Using pair-wise linkage disequilibrium statistics (r2), we tested for intra-gene correlation of SNPs and for inter-gene correlation between SNPs of IL1RN and IL1B which are located approximately 300kb apart on chromosome 2. In EA, correlations among SAA1/2 SNPs were generally low, with r2= 0.0-0.18 with the exception of two pairs of SNPs: r2=0.24 for rs7113375 and rs7130337; and r2=0.33 for rs2460824 and rs2468844. In AA, correlations among SAA1/2 SNPs ranged from 0.0-0.17, with the exception of two pairs of SNPs: r2 =0.25 for rs7130337 and rs10832911; and r2 =0.56 for rs7130337 and rs7933280. These modestly correlated pairs were retained in analyses. In EA, a few highly correlated (r2>0.6) SNPs within IL1RN and IL6 were found. The correlated SNP with the lowest minor allele frequency was dropped from analyses; in EA we dropped IL6 rs1800795 which was highly correlated with rs1554606 (r2~0.9) and for IL1RN, three SNPs were dropped: rs397211, rs431726 and rs315952. In AA, only IL6-rs1524107 was dropped. For gene-gene interaction analyses, SNPs with MAF >0.02 were included for the following totals: IL6 (n=5), IL1B (n=2), TNF (n=2), IL1RN (n=9) and SAA1/2 (n=10) in EA. In AA, the following SNPs were included: IL6 (n=8), IL1B (n=5), TNF (n=2), IL1RN (n=17) and SAA1/2 (n=11). [Table 1]

Table 1
Summary of IL6, IL1B, IL1RN and TNF Genotyping Results

Statistical Analysis

All analyses were race-specific to minimize potential confounding attributable to population stratification, and were minimally adjusted for age, sex and recruitment site. Furthermore, AA models were adjusted for % African Ancestry (%AA), a continuous variable that quantifies the proportion of an individual’s genome that is of African origin using ancestry informative markers as previously described.[22] We investigated effect modification by baseline HDL concentration and obesity status for all outcomes, testing the significance of SNP*HDL level or SNP*obesity interaction terms. Model adjustment for current smoking, LDL cholesterol, HDL cholesterol, obesity and BMI was also investigated.

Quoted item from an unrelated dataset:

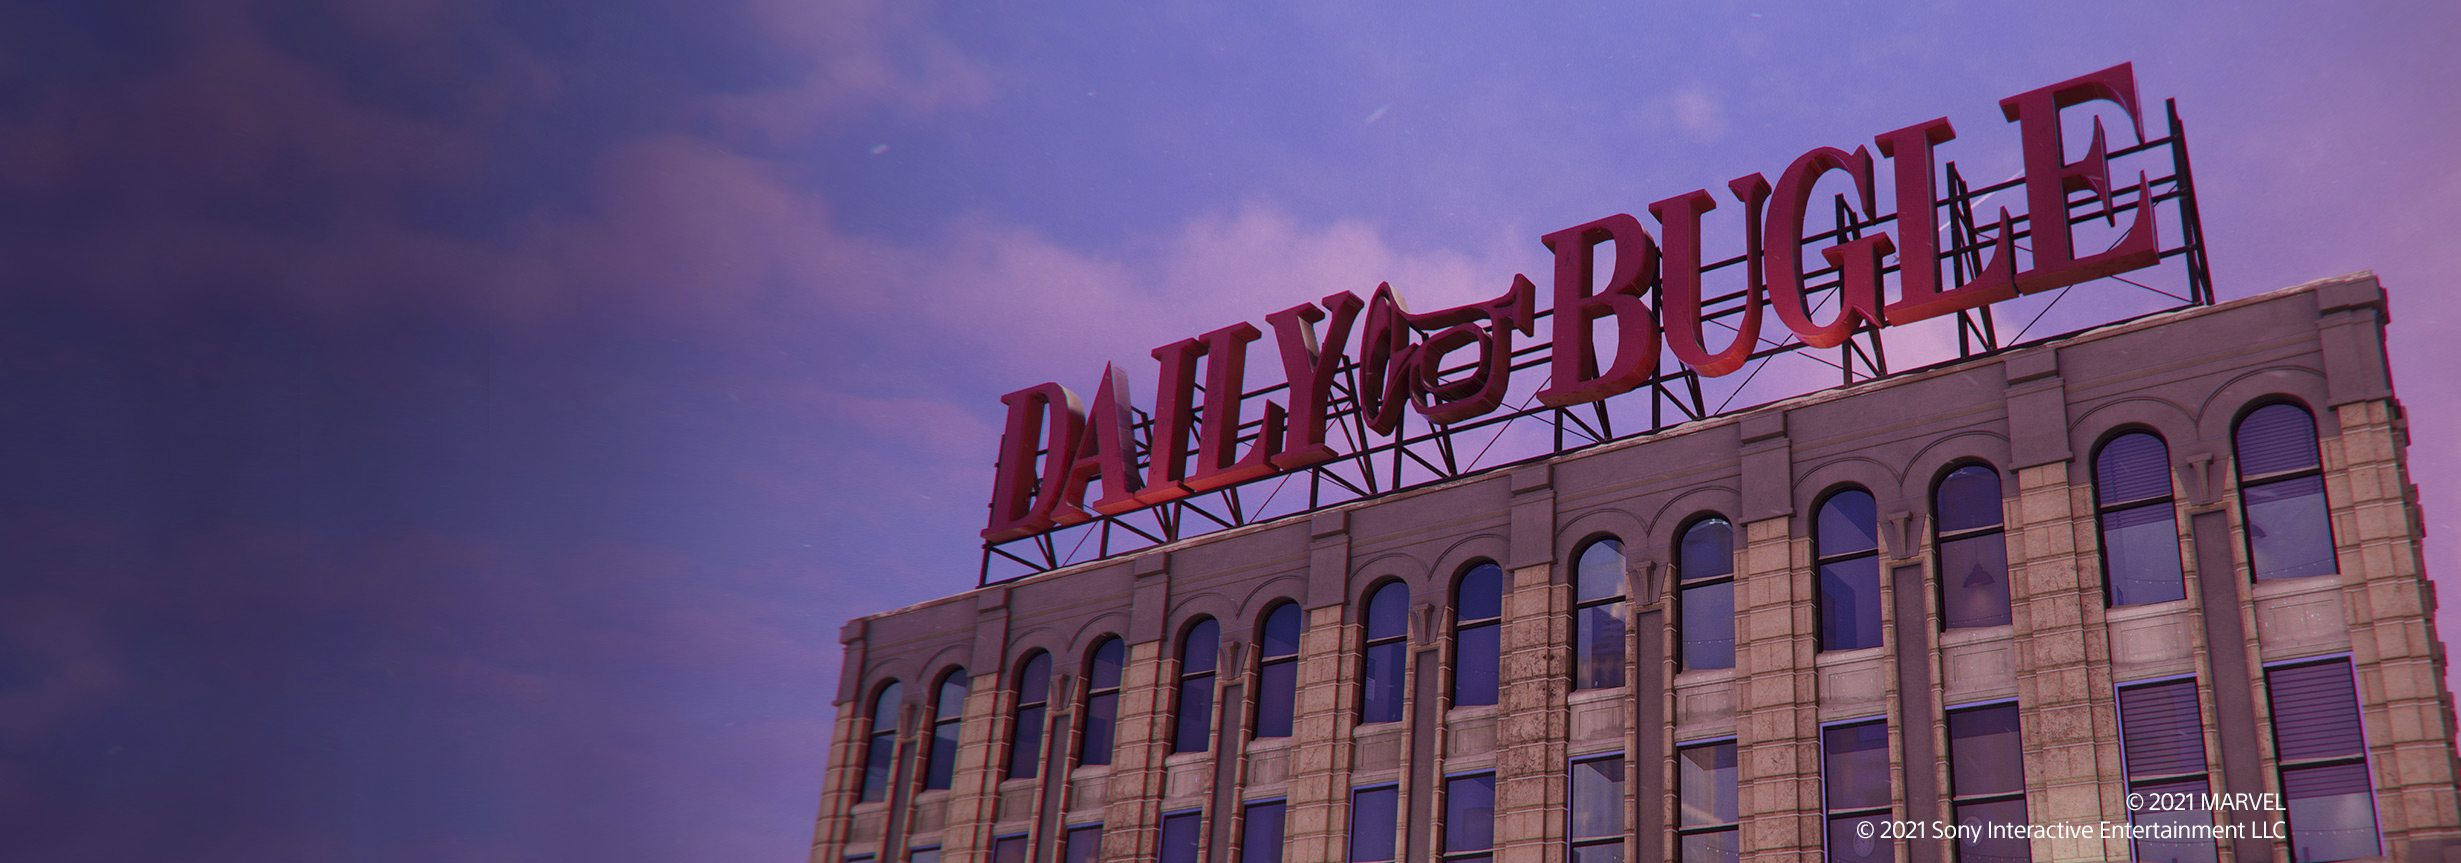 Daily Bugle Now – banner

For the continuous outcomes of common cIMT, ln(internal cIMT) and HDL, we assessed associations between the measures and SAA1/2 SNPs using linear regression and a minimally-adjusted additive genetic model, assuming a constant effect size for each additional copy of the minor allele so that the regression coefficient (β) represents the adjusted allele-specific difference in estimated mean IMT in mm or HDL in mg/dL. Associations between SAA1/2 genotypes and risk of incident events were assessed using Cox proportional hazards models. Due to the exploratory nature of all analyses, results were not adjusted for multiple testing.

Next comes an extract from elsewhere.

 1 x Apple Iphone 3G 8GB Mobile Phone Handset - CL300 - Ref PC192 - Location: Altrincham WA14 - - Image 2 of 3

To evaluate the role of gene-gene interactions and their association with sub-clinical and clinical CVD, logic regression[14] was used. SAA1/2, IL6, TNF, IL1B and IL1RN SNPs were coded as binary predictor variables (for both dominant and recessive genetic models). Briefly, logic regression searches for a variable or Boolean expression (termed ‘tree’) that best predicts outcome (i.e. minimizes the scoring function); this process is repeated until additional variables do not improve scores. It is adaptable to different forms of regression-based methods including linear regression and Cox proportional hazards methods. To simplify its interpretation and for discovery of combinations of predictors affecting relatively larger groups of individuals, we limited final model size a priori, by setting the maximum tree size to 2 and the number of leaves (i.e. variables) to 8, as suggested by Kooperberg et al.[14]

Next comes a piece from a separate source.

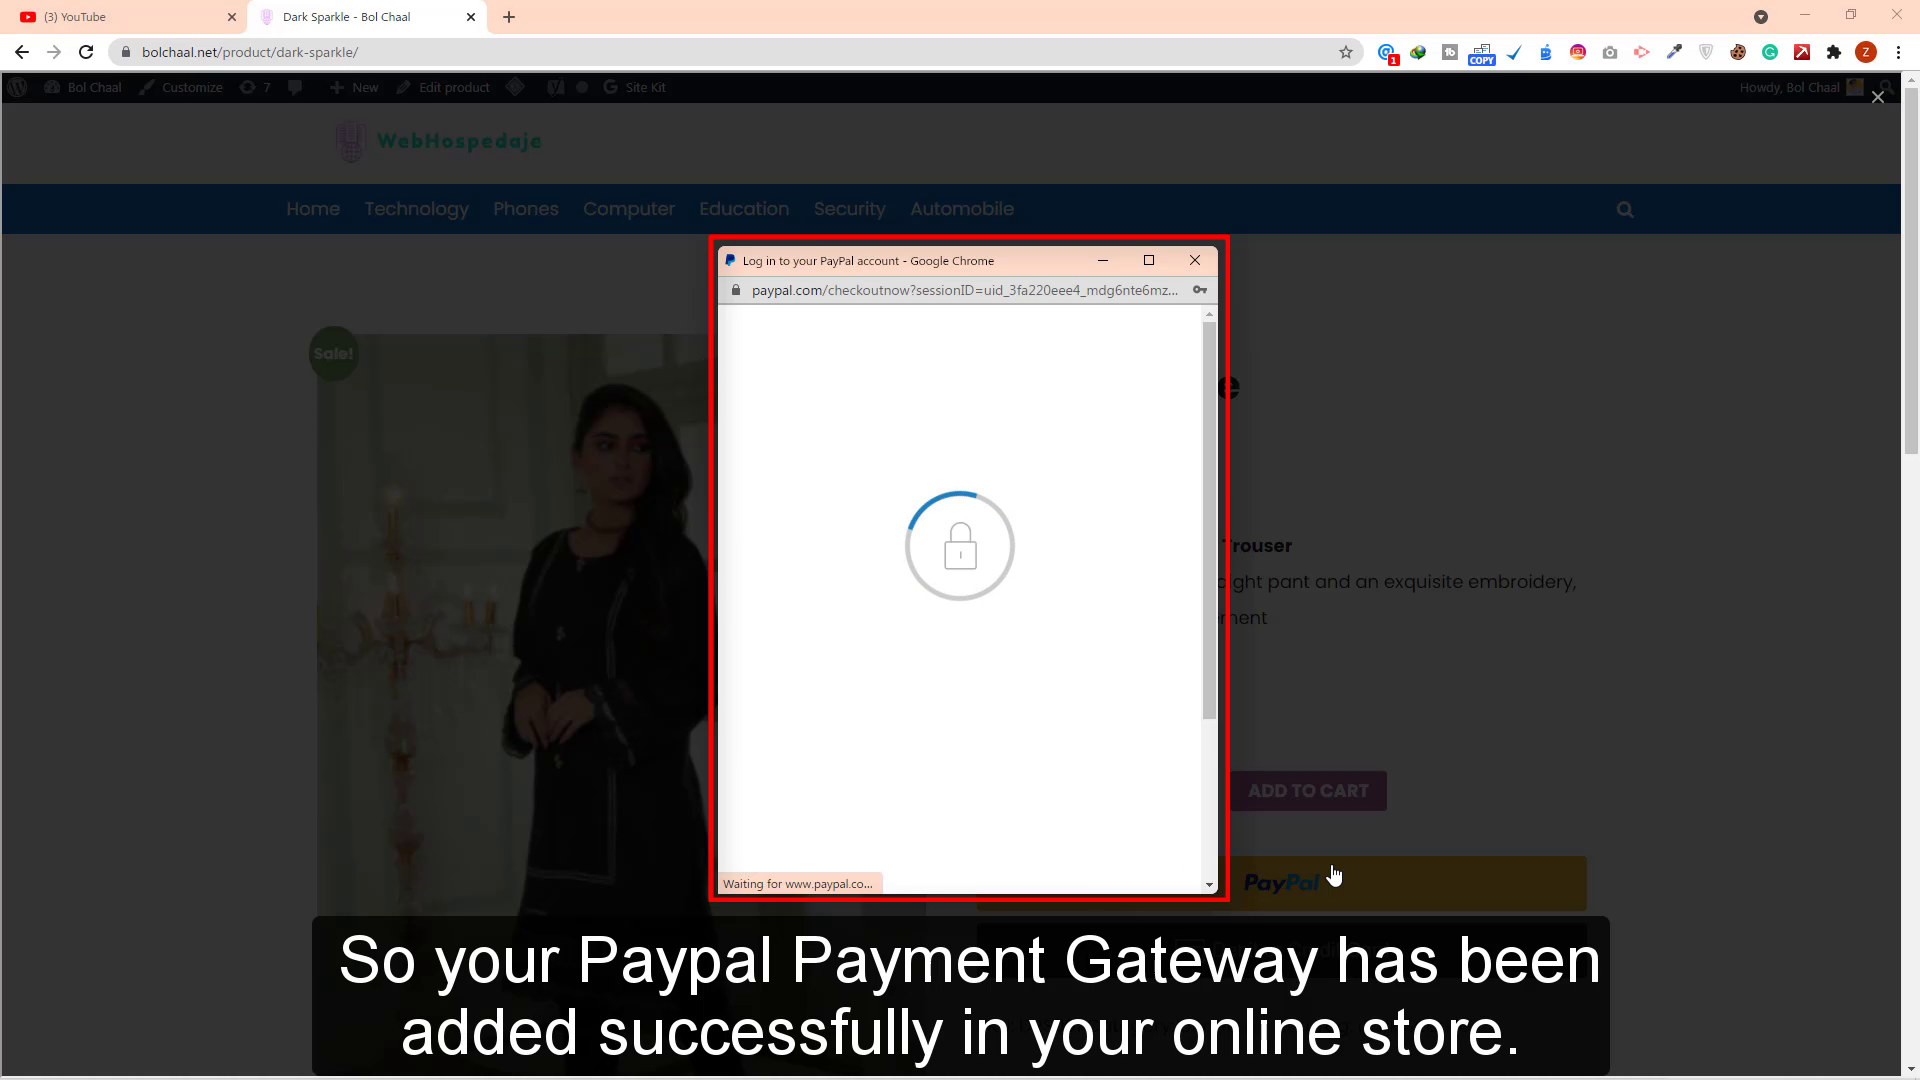 So your Paypal Payment Gateway has been added successfully in your online store

Since logic regression is an adaptive, exploratory method, appropriate model selection is necessary to prevent ‘over-fitting’ of the data. The software includes cross-validation and permutation tests which we used for model selection and for interpretation of our results. In a screening stage, called the signal test, we compared scores from a null model (with no SNPs) to scores of the best model identified by the logic regression annealing algorithm during the course of permutations (n=200). For linear regression models, the score represents the residual sum of squares and the Cox proportional hazards model is scored using partial likelihood. Provided the signal test indicated that predictors have some discriminatory power (we chose the threshold of p<0.20), we pursued additional model selection tests.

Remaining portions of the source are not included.